Клепиков вспомнил поражение на съезде и повел речь осторожнее, присматриваясь к людям и нащупывая почву. Он упрекал коммунистов за монополию, за продразверстку.

— Мы, «левые» эсеры, не допустим проведения этих декретов в жизнь! — воскликнул Клепиков. — Мы будем бороться! Мы пойдем рука об руку с теми, кому большевики грозят опустошить закрома, — с трудовиками!

— Как ни приноравливай кулак к глазу, все равно синяк будет, — заметил Степан, улыбаясь.

Клепиков злобно умолк… Пытаясь расстегнуть косоворотку, с треском оборвал пуговицы.
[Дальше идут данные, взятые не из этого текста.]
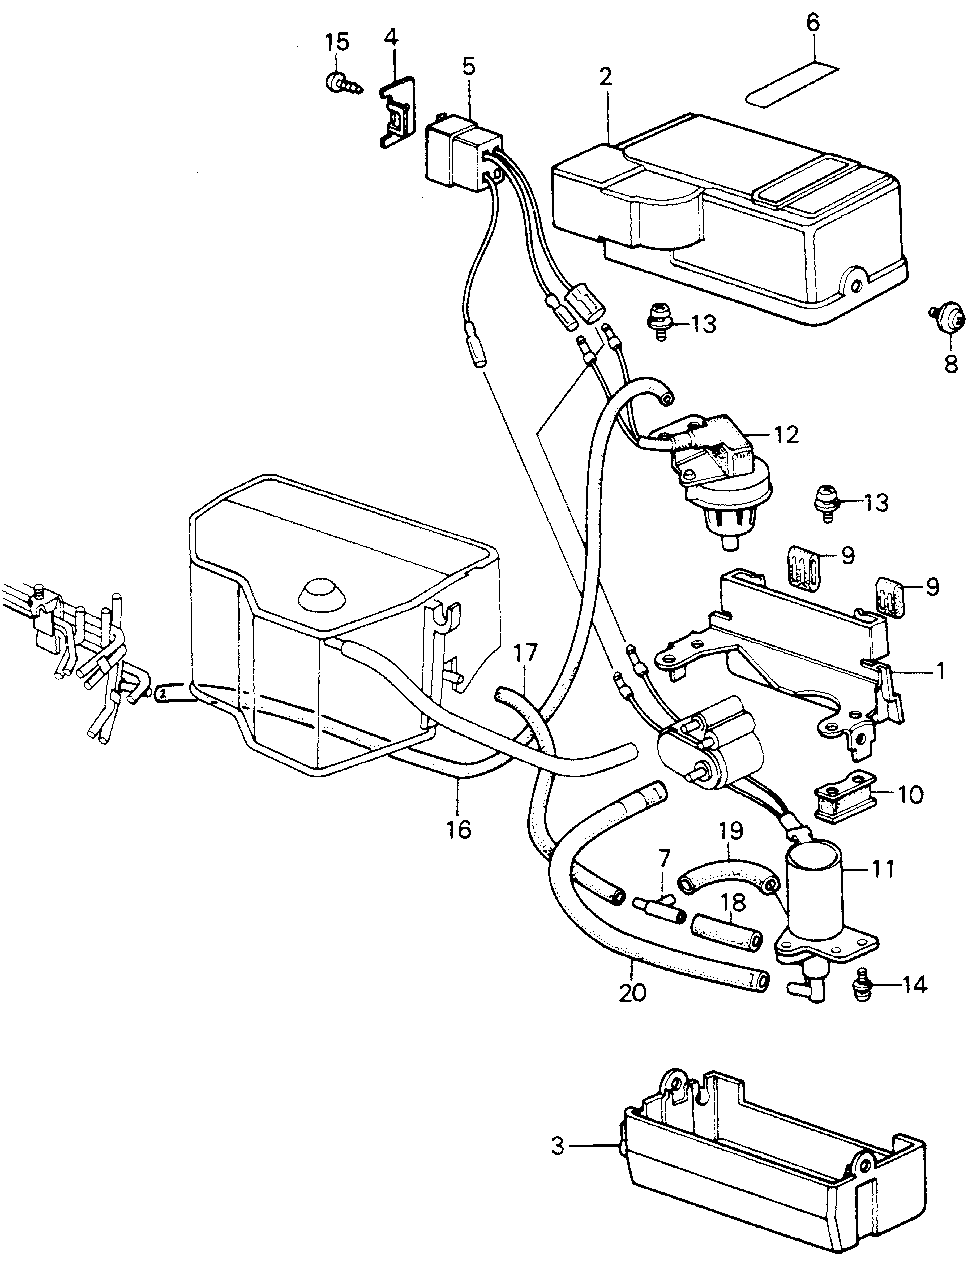 18805-PA6-681 - STAY, CONNECTOR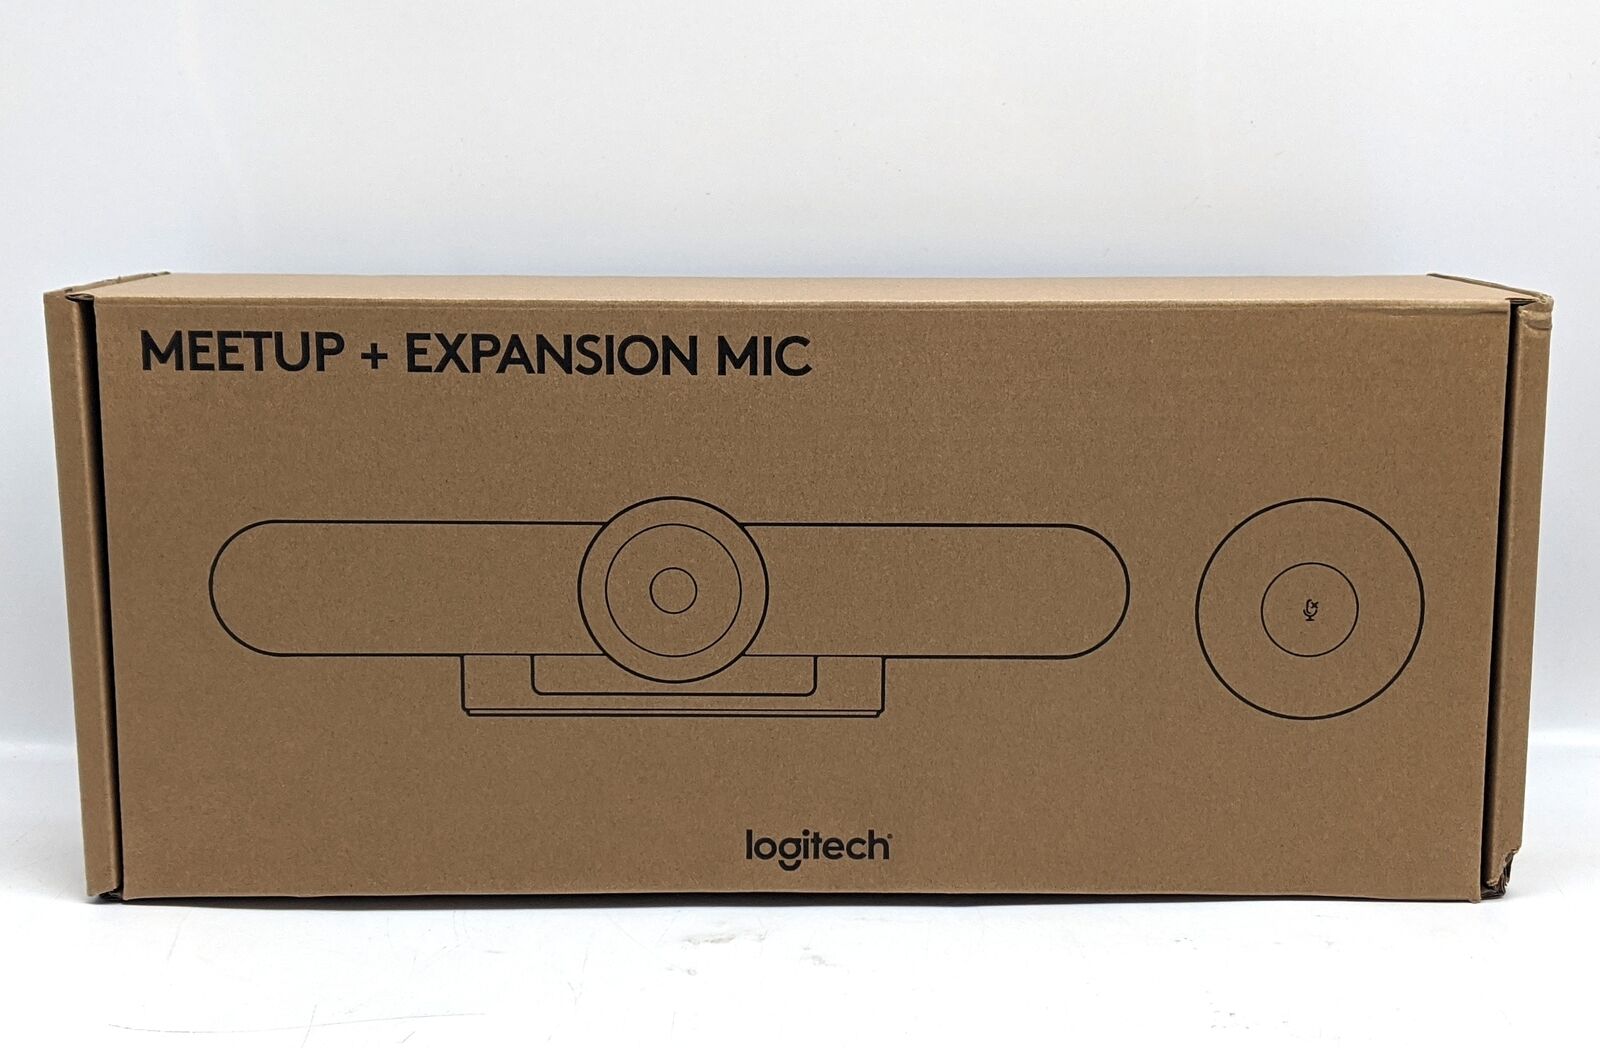 Logitech 960-001201 Meetup + Expansion Mic Audio Conferencing System

Это настолько не вязалось с его высокомерием и заносчивостью, что сход громыхнул раскатистым смехом. Гранкин прослезился, всхлипывая от восторга. Хохотал Огрехов, закатывался Чайник, весело скалил зубы Николка, очутившийся впереди. Даже Роман Сидоров, осторожный и степенный мужик, с пепельно-серой бородой, ухмылялся в сторонке. А черномазый кузнец Алеха Нетудыхата, окруженный четырьмя сыновьями-молотобойцами, крикнул Клепикову:

— Мы, паря, синяки-то и сами горазды сажать!

— Ничего, старики, — Степан поднялся, отстранил ногой освободившуюся табуретку, словно зачеркнул выступление эсера. — Теперь на нашей улице праздник. Работенка предстоит горячая, да нам не привыкать. Эта жизнь — без хлеба на столе, без рубашки на спине — никогда не забудется, но и не вернется! Революция землю дала, станем на нее покрепче! В командиры — кого посмелей! У смелого сорок дорог, а у труса — одна, и по той волки бегают.

Он говорил, не торопясь, нажимая на каждое слово. Каждая мысль его была взвешена и выстрадана сердцем.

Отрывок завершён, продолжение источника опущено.